In Conversation With Elvis Shackleton #3

Added on 06 November 2009

In the third in a series of informal discussions to mark the end of the long running Barney Thomson crime series, Long Midnight Publishing Publicity Director, Elvis Shackleton talks to author Douglas Lindsay about A Prayer For Barney Thomson.

ES: So, tell us how this one came about. Were you planning the third while you were writing the second?

DL: No, this one was a three-line whip. I liked the second, but after that I'd had enough. I never meant Barney to stretch on indefinitely, like the universe or Coronation Street. I thought two would do it...

ES: That wouldn't have been a series.

DL: No, and that would have been fine. But my agent talked to Piatkus, and they said, basically, we want a third Barney novel or we don't want anything.

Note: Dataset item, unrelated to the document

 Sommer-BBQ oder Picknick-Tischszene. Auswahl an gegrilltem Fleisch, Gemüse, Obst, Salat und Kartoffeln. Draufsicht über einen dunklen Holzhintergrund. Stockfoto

ES: Gosh, you must have felt disrespected?

DL: Well, you know, it was still in the late 90's. You just got on with it back then. Feeling disrespected is a more modern phenomenon.

ES: What did you want to write?

DL: I had this great idea for an epic, sweeping novel of the sea, a haunting tale, set in an old whaling town on the east coast of Scotland. It was going to be kind of Moby Dick meets Star Wars, with a Nazi vampire zombie element thrown in.

ES: And Piatkus said no? That's weird.

DL: Tell me about it.

ES: But you know, what exactly is a vampire zombie? Vampires are the essence of dark malevolent sophistication. Their ways are artifice and sophistry, guile, cunning, and perfidious subtlety. They are suave and cool, the classic poisoned chalice. The zombie, on the other hand, is at the opposite end of the scale. The zombie is a thuggish, unthinking killing machine, a brute intent on the savage farming of human flesh. Maybe that's why Piatkus said no.

DL: Possibly. But I liked the juxtaposition.

ES: So, your natural creative urges had been squashed. Tell us about writing the novel.

DL: Well, at the time I was working a standard nine hour day in a Somerset cheese mine. We had a one year-old, and my wife was pregnant. So, I ended up writing this novel at 11 o'clock at night and at five in the morning.

ES: Which explains why this is the darkest of all Barney novels.

DL: Yep. I didn't really want to be writing it, and when I did, I was tired. I sat down one day to start it off, with no idea of where I was going, and there in front of me was the script for the movie My Name Is Joe. The idea for the basic concept - Barney Thomson being part of a Murderer's Anonymous group - came to me and I was off.

ES: And you killed off many of your main characters?

DL: Well, I was tired. And in the end I didn't kill off as many as I would have liked, as the editor at Piatkus sent it back and asked that it be cheered up a bit.

ES: So, you put some jokes in?

DL: Let's not get carried away.

ES: All these years later, where do you think it stand in the panoply of Barney Thomson novels?

DL: I hate it. I'd like to re-write it to include some vampire zombie scenes.